Luis Flavio Sapori
Doutor em Sociologia pelo Instituto Universitário de Pesquisas do Rio de Janeiro (IUPERJ, 2006). Foi Secretário-adjunto de Segurança Pública do Estado de Minas Gerais no período de janeiro/2003 a junho/2007. Coordenou o Instituto Minas Pela Paz no biênio 2010-2011. Atualmente é professor do curso de Ciências Sociais da PUC Minas e coordenador do Centro de Estudos e Pesquisa em Segurança Pública
As guardas municipais ocuparam espaço institucional relevante na sociedade brasileira nas últimas duas décadas. Não apenas cresceu o número delas como também ampliou-se o escopo de suas atribuições para além da mera proteção patrimonial. Desde a promulgação da Lei Federal 13.022 de 2014, que instituiu o Estatuto Nacional das Guardas Municipais, é perceptível a intensificação de uma identidade organizacional sustentada na concepção de Polícia Municipal. E a principal manifestação desse processo é a criação das famosas Rondas Ostensivas Municipais (ROMU), unidades especializadas com nítida pretensão de reprimir a criminalidade violenta. Diversas prefeituras, inclusive, compraram fuzis para municiarem suas ROMUs, mimetizando o modelo tático operacional dos Batalhões de Operações Especiais (BOPE) que são muito comuns nas polícias militares estaduais.
Essa dinâmica institucional, contudo, acaba de sofrer duro golpe. No último dia 18 de agosto, a Sexta Turma do Superior Tribunal de Justiça (STJ) julgou recurso no qual foram declaradas ilícitas as provas colhidas em busca pessoal feita por guardas municipais durante patrulhamento rotineiro, tendo sido anulada a condenação do réu por tráfico de drogas. O recurso no STJ foi interposto por Defensor Público contra acórdão do Tribunal de Justiça do Estado de São Paulo que havia reafirmado condenação do acusado.
O relator, ministro Rogério Schietti Cruz, destacou em seu voto, com a aprovação do colegiado, o argumento de que a guarda municipal, por não estar entre os órgãos de segurança pública previstos pela Constituição Federal, não pode exercer atribuições das polícias civis e militares. Sua atuação deve se limitar à proteção de bens, serviços e instalações do município, conforme previsto no artigo 144 da Constituição Federal. A lei 13.022 foi ignorada no voto do relator, de modo que ele afirma categoricamente que a guarda municipal não possui a mesma amplitude de atuação das polícias. O ministro Rogerio Schietti Cruz explicou ainda que as guardas não estão impedidas de agir quando têm como objetivo tutelar o patrimônio do município, realizando, excepcionalmente, busca pessoal quando estiver relacionada a essa finalidade.

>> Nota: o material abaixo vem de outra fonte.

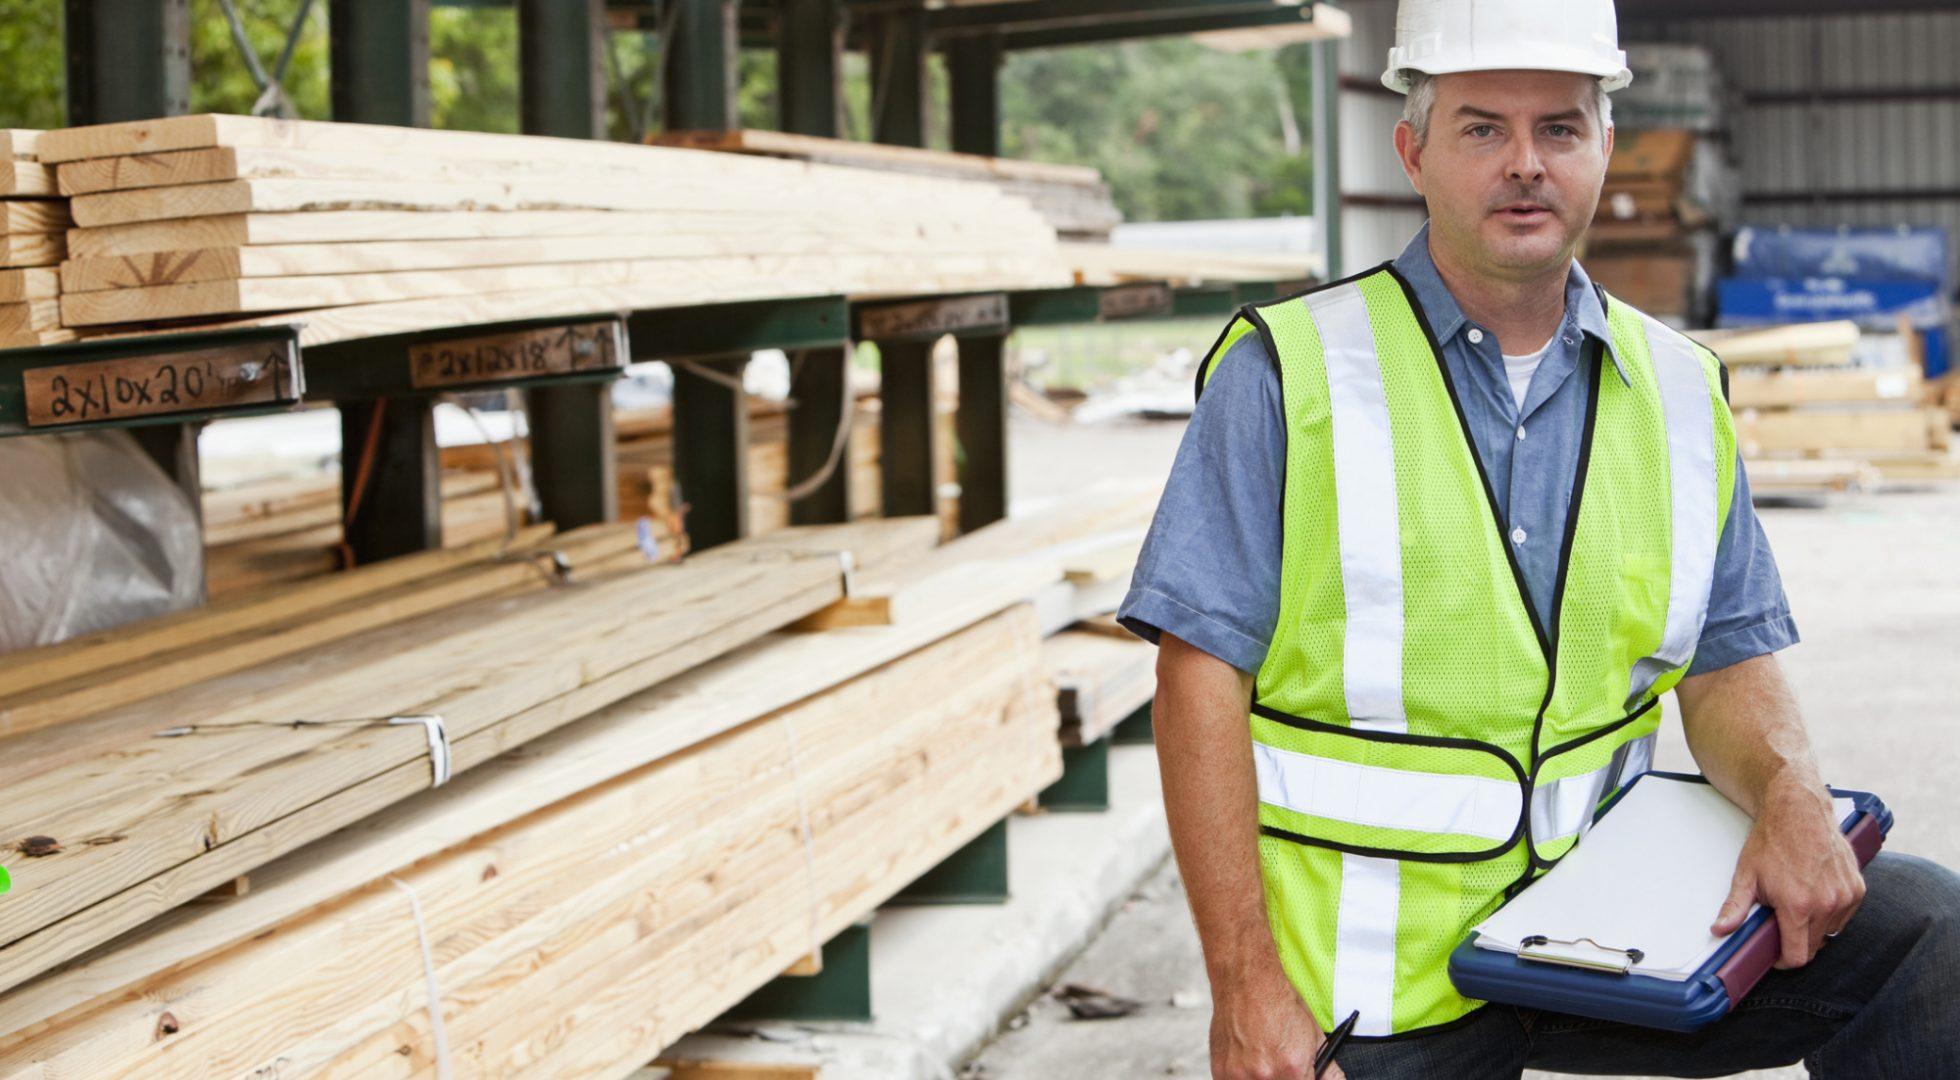 Man working in lumber yard
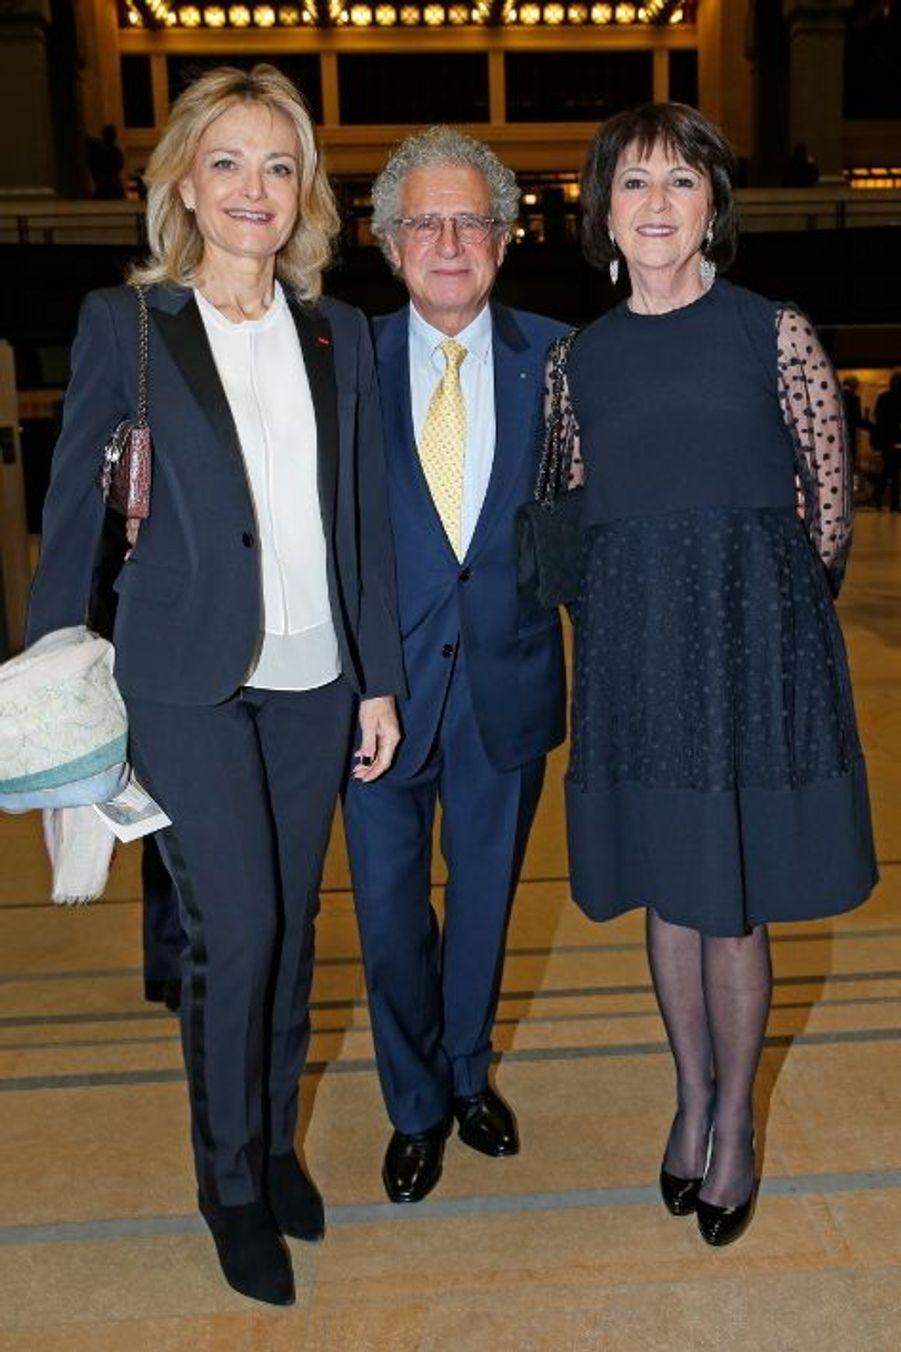 Florence de Botton, Laurent et Martine Dassault.

Essa exceção não se confunde com permissão para realizar atividades ostensivas ou investigativas típicas das polícias no controle da criminalidade.
A decisão tomada pela Sexta Turma do STJ não implica de imediato a ilegalidade da policialização das guardas municipais. A despeito do efeito jurisprudencial, não foi contemplada no voto do relator a eventual inconstitucionalidade do Estatuto Nacional das Guardas Municipais aprovado pelo Congresso Nacional em 2014. Ressalto esse aspecto devido ao fato de que é essa legislação federal que tem sustentado juridicamente a crescente ampliação das atribuições das guardas municipais país afora. Entretanto, é inegável que se abre uma frente concreta de contestação a uma dinâmica institucional que parecia irreversível.
Está estabelecida uma controvérsia jurídica que passa a conformar a trajetória em curso da instituição. Toda e qualquer condenação judicial de indivíduo que resulte de ação policial de guardas municipais torna-se passível de anulação no âmbito do STJ, ou mesmo toda e qualquer prisão efetuada fora dos limites estabelecidos pelo artigo 144 da Constituição Federal fica também passível de imediato habeas corpus. Trata-se de verdadeira ducha de água fria em todos aqueles que estavam empenhados na militarização das guardas municipais, tornando-as forças repressivas do crime e em especial do tráfico de drogas.
A decisão do STJ é oportuna e vem em boa hora. Tende a colocar um freio a um nítido desvirtuamento interpretativo da principal missão das guardas municipais que vem ganhando corpo no país. Cito aqui trecho do voto do ministro Rogerio Schietti Cruz: “Nesse sentido, não é das guardas municipais, mas sim das polícias, como regra, a competência para patrulhar supostos pontos de tráfico de drogas, realizar abordagens e revistas em indivíduos suspeitos da prática de tal crime ou ainda investigar denúncias anônimas relacionadas ao tráfico e outros delitos cuja prática não atinja de maneira clara, direta e imediata os bens, serviços e instalações municipais” . Assino embaixo.